Parce que documenter, c’est organiser la mémoire de l’innovation, nous sommes dotés d’outils d’analyse performants autour des processus de création ; nous pouvons ainsi mener à bien notre méthode.

> différents modes d'intervention en entreprise

Nous accompagnons, en experts, des résidences d’artistes. Accueillir un artiste dans l’entreprise, c’est une chance d’innovation et de mobilisation des équipes autour de projets porteurs de sens. Pour accompagner votre démarche d’innovation, nous publions des cahiers de tendances, effectuons des veilles sur mesure, animons workshops, séminaires, formations, et assurons le commissariat d’expositions, assumant pleinement la monstration de vos projets.

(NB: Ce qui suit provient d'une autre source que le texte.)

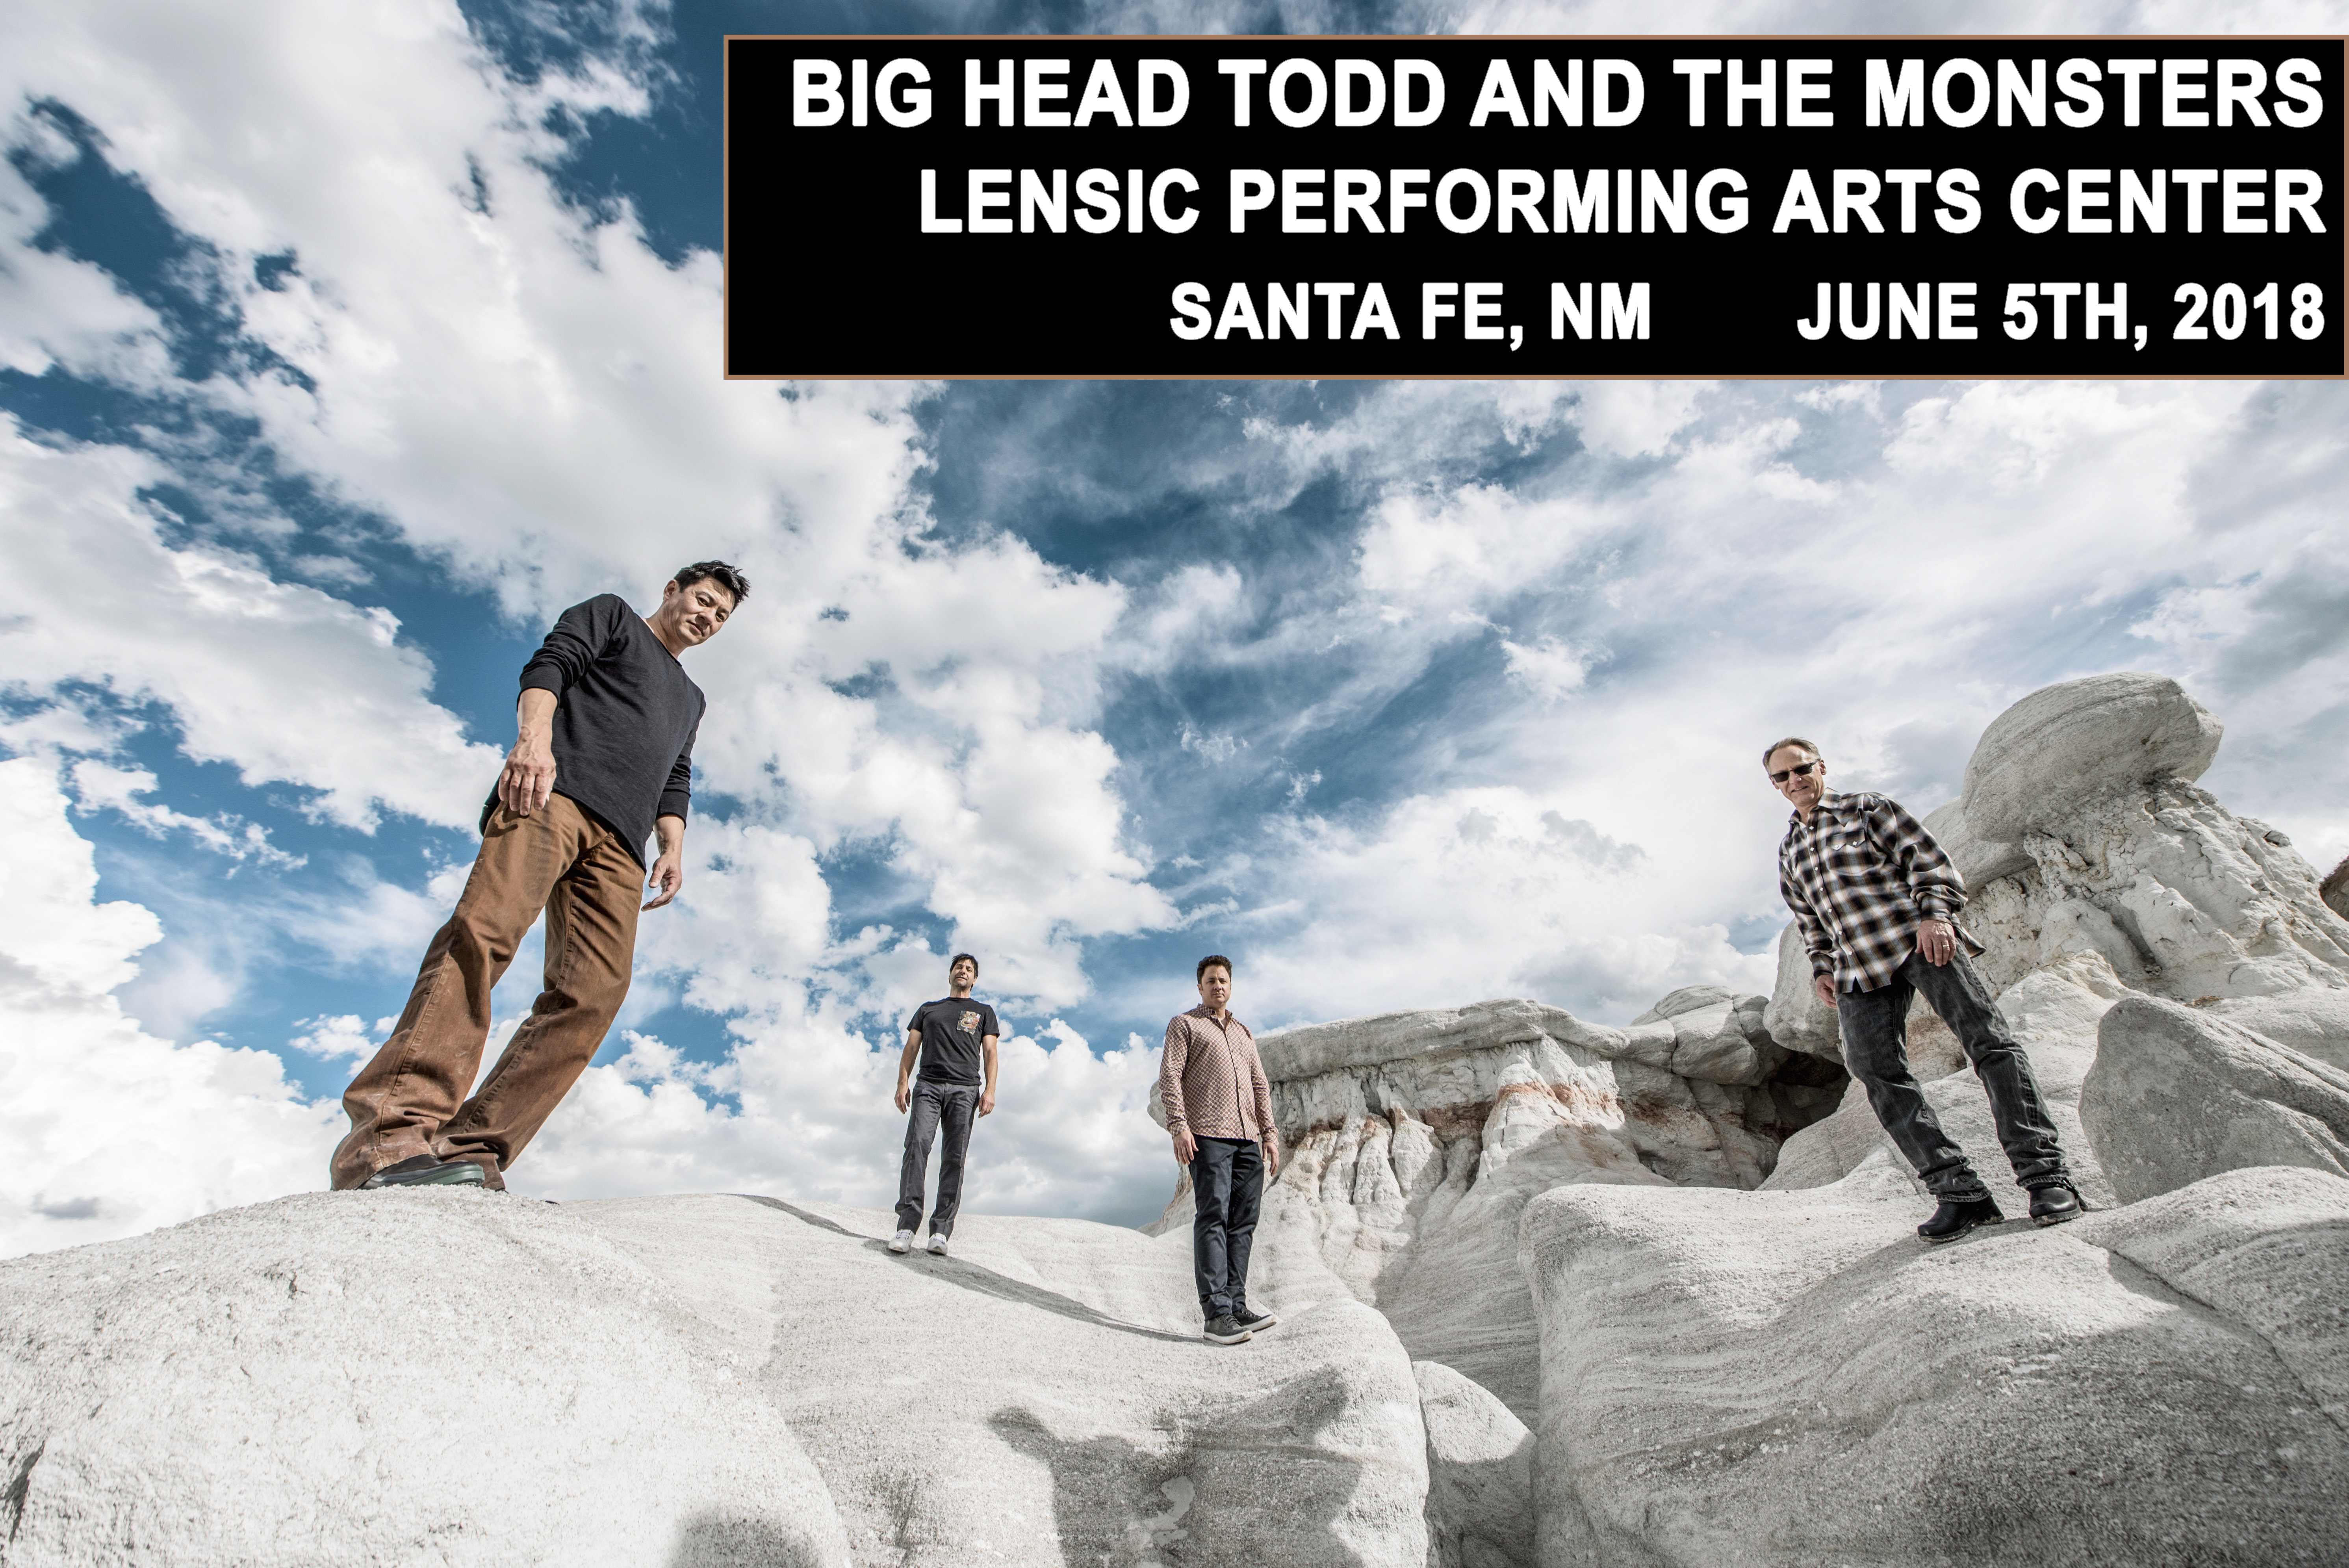 Big Head Todd headlining Lensic Performing Arts Center on June 5th in Santa Fe - Tickets on sale NOW!

pourquoi travailler avec les artistes

1er principe : décaler, détourner

Les artistes détournent les technologies de leur mode d’emploi initial. Par décalages successifs, ils élaborent et trouvent de nouveaux usages. Leur démarche élargit de manière créative et surprenante les potentialités de la technique. Leur contestation, pouvant aller jusqu’à la provocation, propose une autre vision du monde.

2e principe : anticiper, préfigurer

Depuis le début du XXe siècle, les artistes sont considérés comme des « voyants », des « avant-gardistes »  embrayeurs de nouvelles tendances, affirmant leur vision personnelle, parfois rebelle. De cette propension à créer de l’originalité émergent des propositions inédites, qu’elles soient d’ordre technique, relationnelle, économique… Elles préfigurent souvent l’éclosion de nouvelles tendances : un usage isolé devenant par exemple un usage massif et partagé.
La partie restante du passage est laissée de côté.